Pero junto con ejercer la trascendencia de la metafísica los efectos de una seducción hacia lo eterno, lo universal y lo absoluto en el hombre, encontrando en ella una respuesta y un ámbito en que reali-zar teóricamente su deseo de eternidad, y precisamente en tanto que de ese modo lo realiza, a la vez devalúa y margina los intentos de reflexión sobre la contingencia, finitud y materialidad de su vida corpórea y terrenal. De este modo es entonces la realidad histórica del hombre, de sus necesidades y deseos, pasiones y pensamientos que recorren y constituyen su cuerpo, lo que queda transformado, trastocado, descentrado, vertido hacia fuera de él, hacia toda esa otra región trascendental que lo juzga desde una verdad siempre inalcanzable e incumplible debido a la precariedad y caducidad de su existencia, de modo tal que su cuerpo y la tierra en que habita quedan metafísicamente perver-tidos. Es decir, aquejados por una perversión que conduce al debilitamiento, a la «enfermedad», a la mansedumbre, a la prudencia y al cansancio que el hombre termina experimentando sobre sí mismo, desesperando en último término incluso de sí mismo, para acabar reconociendo su única esperanza de sobrevida sólo en el recuerdo y la imaginación del origen metafísico, que señala a la vez a su consumación en el fin de los tiempos: es la perversión del nihilismo de que habla Nietzsche (GM., I, §12). Y ese nihilismo sería el resultado de la perversa seducción que ha significado para el hombre de Occidente la filosofía y la moral clásica a través de su historia. (Con lo dicho, pareciera que la y del título de este trabajo, «Foucault y la filosofía: ¿una seducción perversa?» adquiere una movilidad de significado que permitiría invertir el orden en que aparecen los términos conjugados por ella, modificándose también las espaldas sobre las que cae el peso de esa seducción perversa. Pero hacer resonar en sus dos direcciones intercambiables el significado de esa y, seguramente con-duce de nuevo al polémico ámbito de la verdad y de la política de la verdad).

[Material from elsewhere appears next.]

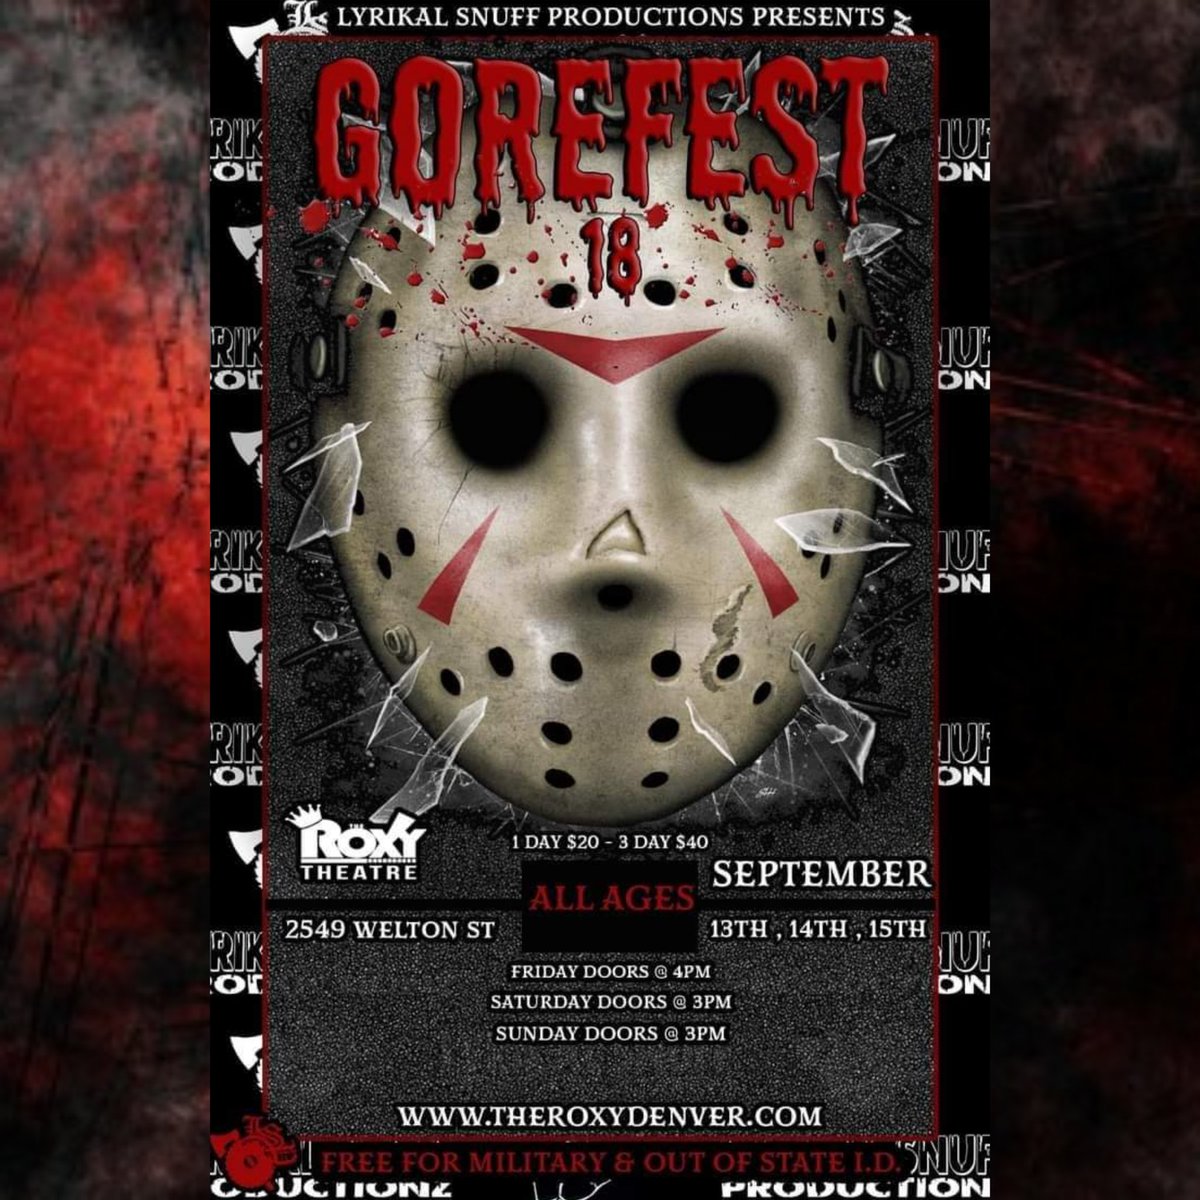 #GOREFEST18... IS COMING!!! September 13th-15th, Denver, CO at @TheRoxyDenver. GET YOUR TICKETS NOW!!! 🩸😈👆🏾🩸 #LSP

Y como en Nietzsche, para Foucault se trataría también de desmitificar el mito de lo que ha sido la filosofía y la verdad para el hombre, pero especialmente para acceder a través de esa crítica a la variante de lo que ellas han llegado a ser hoy para él, de manera que pueda enfrentar su presente sin las ambigüedades que la tradición ha hecho caer encima suyo, aquellas que señalan que el presente se develaría sólo mediante la recuperación del origen en que se anuncia a la vez la consumación del final.